- REQUIRED ACTION: Copy down every line of the data that follows exactly. Omit the pictures.

- DATASET SECTION:
[Start of Attachment]
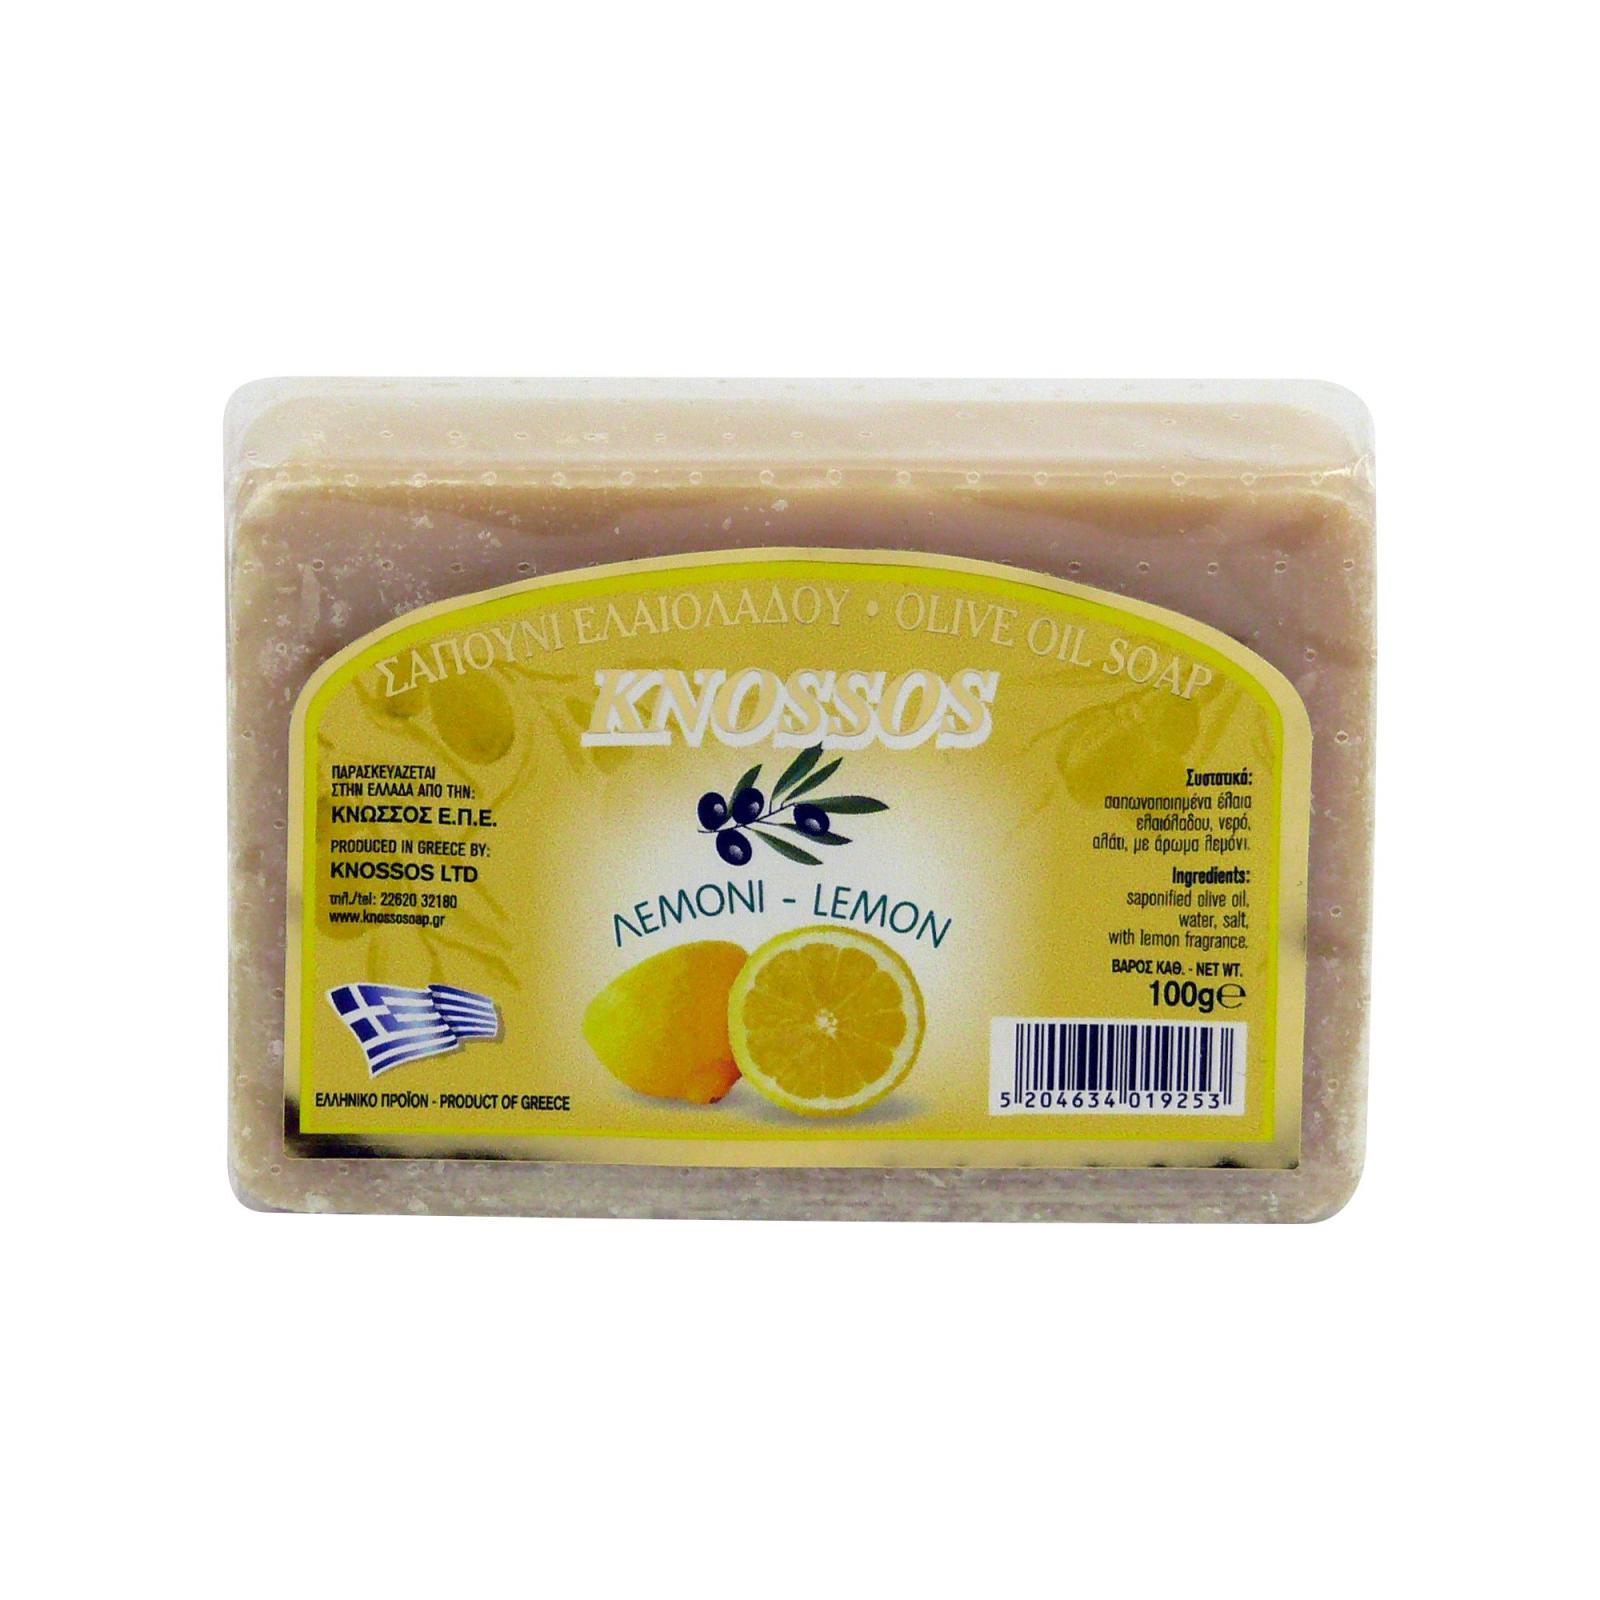 Knossos Mýdlo tuhé olivové, citron 100 g
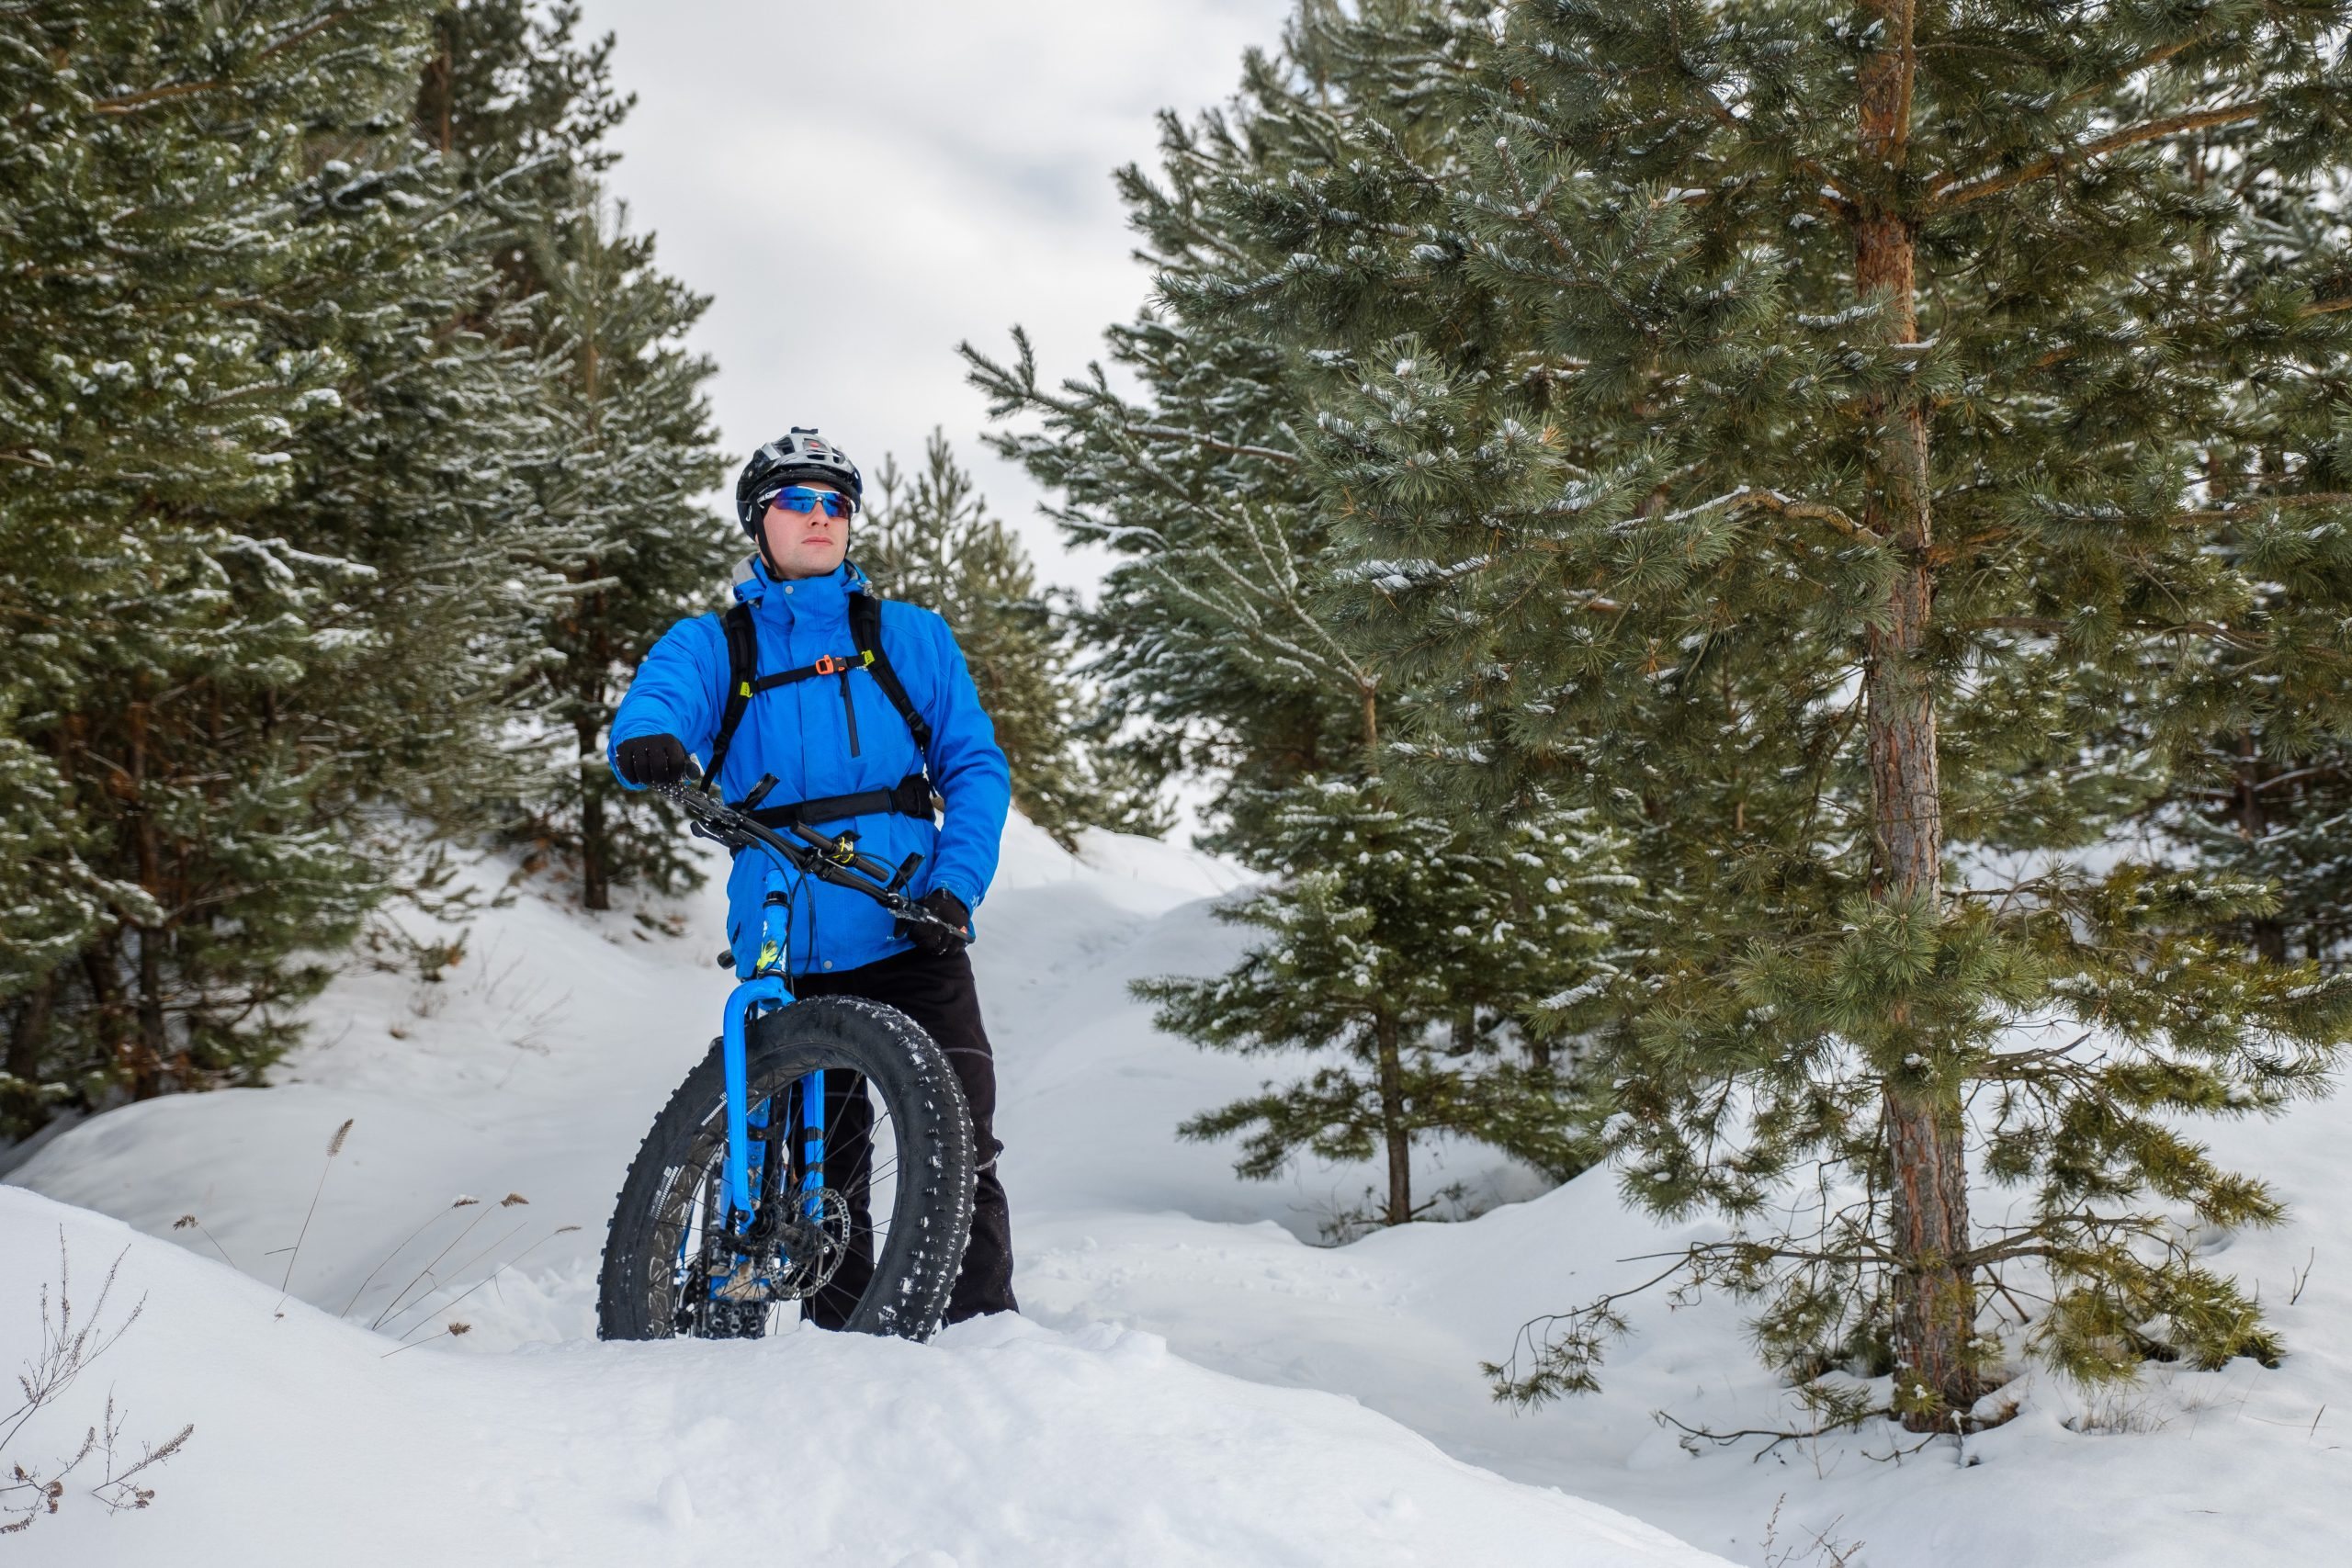 Man riding fat bike in snow
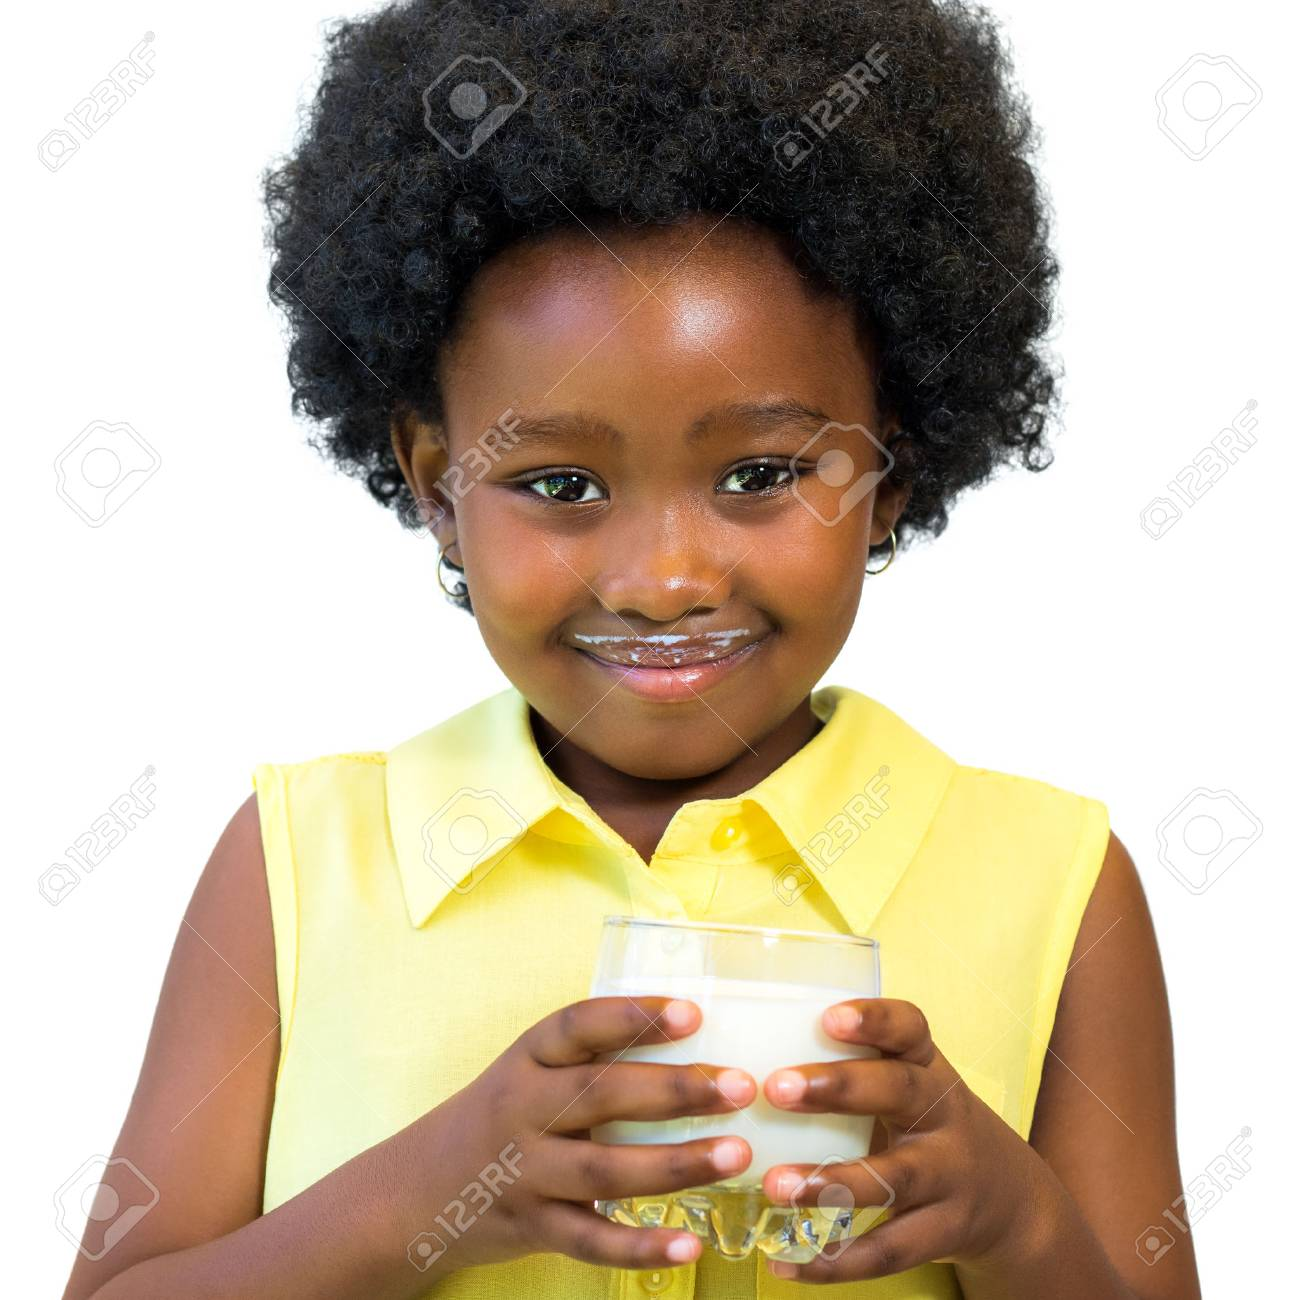 Afro girls with Black Celeb
[End of Attachment]
- SOLUTION FOR THIS TASK:
 Knossos Mýdlo tuhé olivové, citron 100 g
 Man riding fat bike in snow
 Afro girls with Black Celeb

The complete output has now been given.